Les soutiens internationaux se multiplient pour Asia Bibi
L’affaire Asia Bibi occupe le devant de l’actualité depuis une semaine. Après l’annonce mercredi dernier de son acquittement par la Cour suprême pakistanaise, l'annonce inverse des concessions du gouvernement pakistanais, effectuées sous la pression des partis islamistes qui avaient manifesté violemment durant trois jours, a constitué une douche froide pour ses proches et ses soutiens.
Le gouvernement a notamment décrété une interdiction de quitter le territoire pour cette femme pourtant censée être libre, et même la possibilité d’un nouvel examen de son cas par la Cour suprême, ce qui semble toutefois peu plausible en pratique. Le gouvernement pakistanais semble surtout vouloir gagner du temps, étant pris en tenaille entre la pression internationale et celle des musulmans radicaux, dont les ramifications sont multiples au sein de la société pakistanaise.
Ces nouvelles contradictoires ont suscité une certaine incompréhension et de nombreuses réactions négatives, y compris au sein même du gouvernement pakistanais. Le correspondant de Vatican News et du Figaro Emmanuel Derville rapporte ainsi que Shireen Mazari, la ministre des droits de l'homme, a comparé l’accord passé entre le gouvernement pakistanais et les partis islamistes avec les accords de Munich de 1938 : «La politique de l'apaisement n'a jamais marché comme l'a montré l'accord négocié par Chamberlain avec les Nazis dans l'espoir d'éviter un bain de sang dans une Europe qui avait peur de la guerre. (...) Les autorités doivent faire respecter l'Etat de droit, la Constitution et soutenir les institutions, surtout quand elles sont menacées», a déclaré la ministre.
Le gouvernement semble toutefois vouloir éviter d'entrer dans une logique d'affrontement armé dans la rue avec les islamistes, comme cela était arrivé dans un passé récent. En 2007 par exemple, sous la présidence du général Musharraf, l'assaut de la "Mosquée rouge" à Islamabad avait fait une centaine de morts.
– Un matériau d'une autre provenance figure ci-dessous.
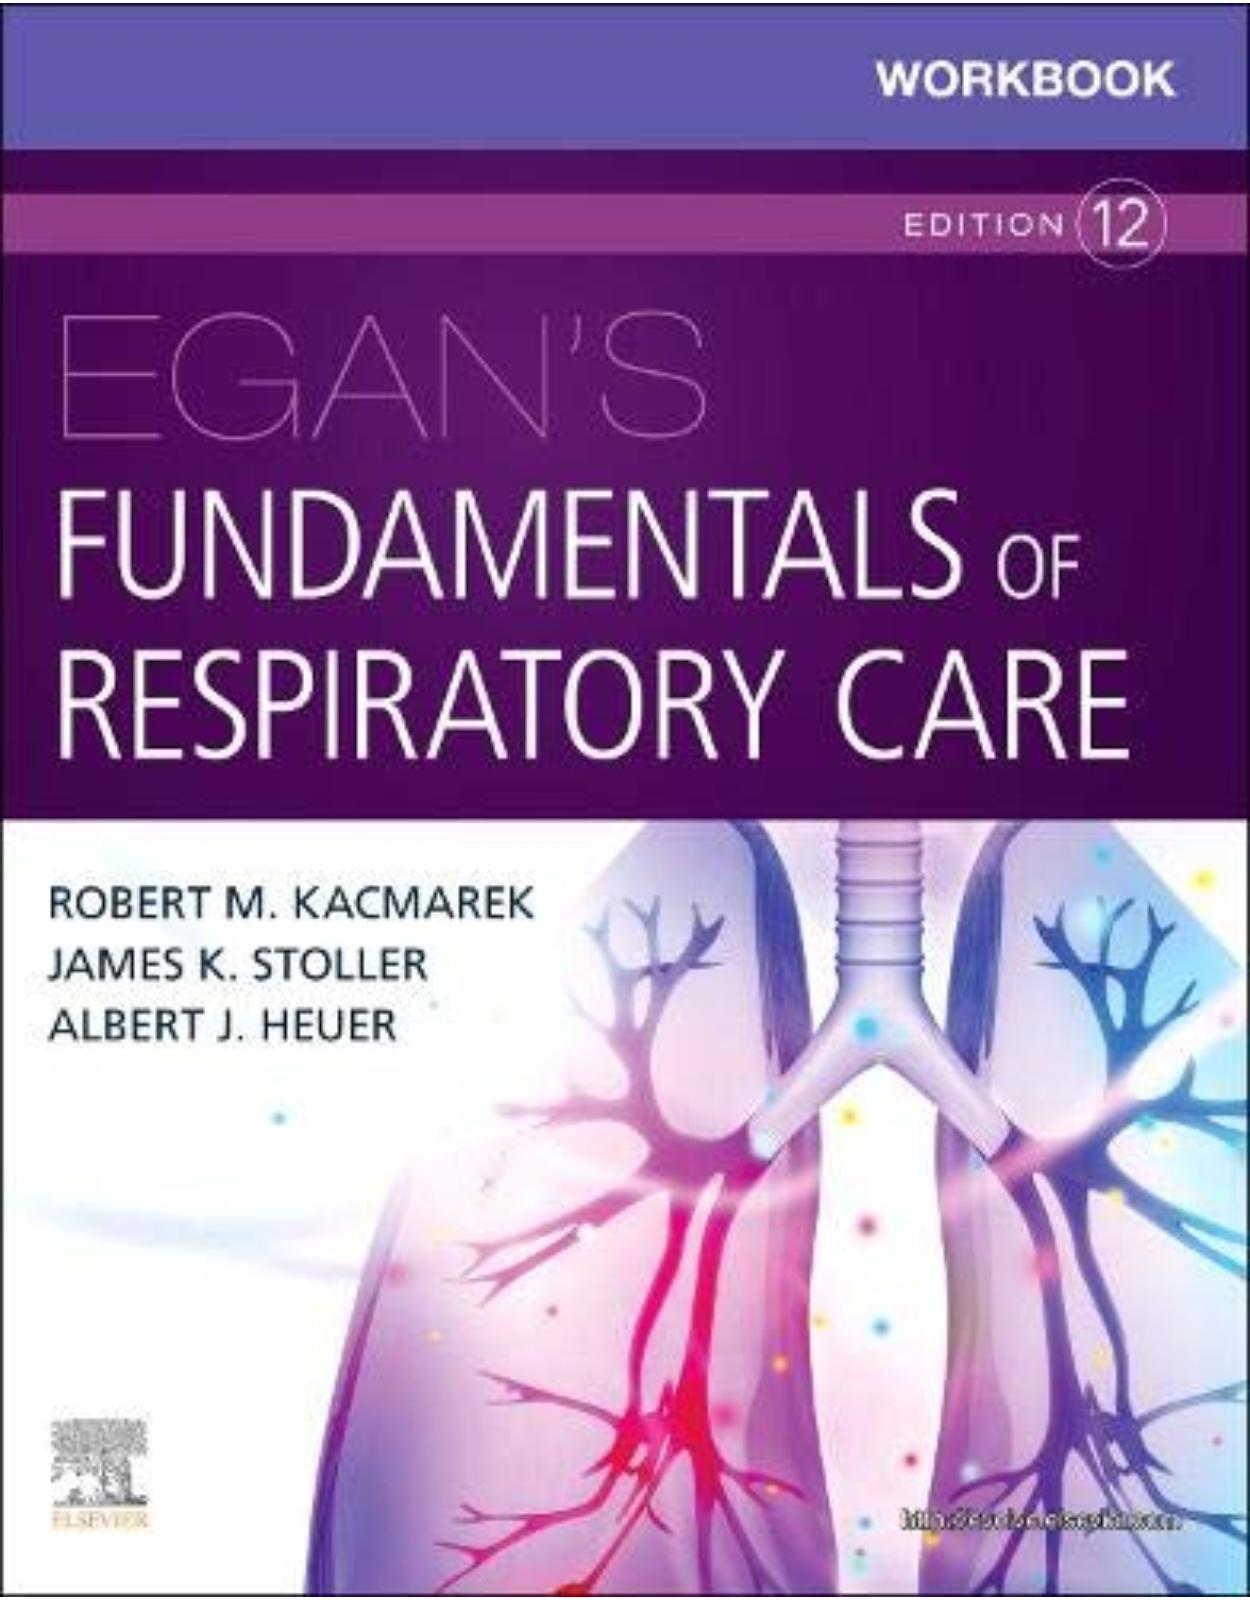 Workbook for Egan's Fundamentals of Respiratory Care

Un foyer de radicalisation islamiste avait ainsi été neutralisé, mais cette opération militaire avait accentué la polarisation de la société pakistanaise et avait exposé les institutions pakistanaises à des représailles terroristes.
La prière des évêques de France
Dans un communiqué, les évêques de France réunis cette semaine en Assemblée plénière à Lourdes se sont réjouis de l’acquittement d’Asia Bibi prononcé par la Cour suprême du Pakistan et du soutien de différentes autorités publiques dans son pays et à l’étranger.
«Cependant, les évêques s’inquiètent de savoir Asia Bibi toujours emprisonnée et attendent sa libération. Au nom des droits fondamentaux de la personne humaine, les évêques appellent à la protection de sa vie, de celles de ses proches et de ses défenseurs, et les assurent de leur prière fervente», est-il précisé dans ce texte communiqué aujourd’hui en fin de matinée.
Soutiens politiques en Europe
Asia Bibi a également reçu de nombreux soutiens politiques, créant d’ailleurs un rare sujet de consensus dans un climat global de grande polarisation politique en Europe. En France, la maire de Paris Anne Hidalgo, la ministre des Droits des Femmes Marlène Schiappa ou encore le président des Républicains (opposition de droite) Laurent Wauquiez ont pris position en faveur de son accueil en France.
«Le mari et la famille d’Asia Bibi sont invités à une rencontre au Parlement européen», a pour sa part indiqué le président de cette assemblée parlementaire, l’Italien Antonio Tajani. «Je demande aux autorités du Pakistan de laisser les documents de voyage nécessaires : les règles européennes prévoient une protection pour qui est menacé à cause de sa propre foi.».
Le ministère italien des affaires étrangères a indiqué qu’il coordonnait ses efforts avec d'autres pays pour assurer la sécurité d'Asia Bibi et de sa famille. Lundi pourtant, sur le chemin de l’exil vers le Royaume-Uni, Saif ul-Malook, l’avocat d’Asia Bibi, avait vécu une escale humiliante à l’aéroport de Rome-Fiumicino où il a subi un interrogatoire sévère auprès des agents chargés de l’antiterrorisme. La pénible procédure a duré une demi-heure dans l’aéroport italien, alors qu’il devait s’envoler pour une autre escale aux Pays-Bas.
«Je ne mettrai plus les pieds en Italie, à Rome je me suis senti accueilli comme un terroriste, c’était humiliant pour quelqu’un qui a mis sa vie en danger pour combattre les fondamentalistes, a-t-il déclaré dans une interview au Corriere della Sera. Et ça fait encore plus mal d’avoir été traité ainsi dans le pays du Pape, après que j’ai été contraint de quitter ma maison au Pakistan pour défendre une femme catholique», a déclaré avec amertume Saif ul-Malook.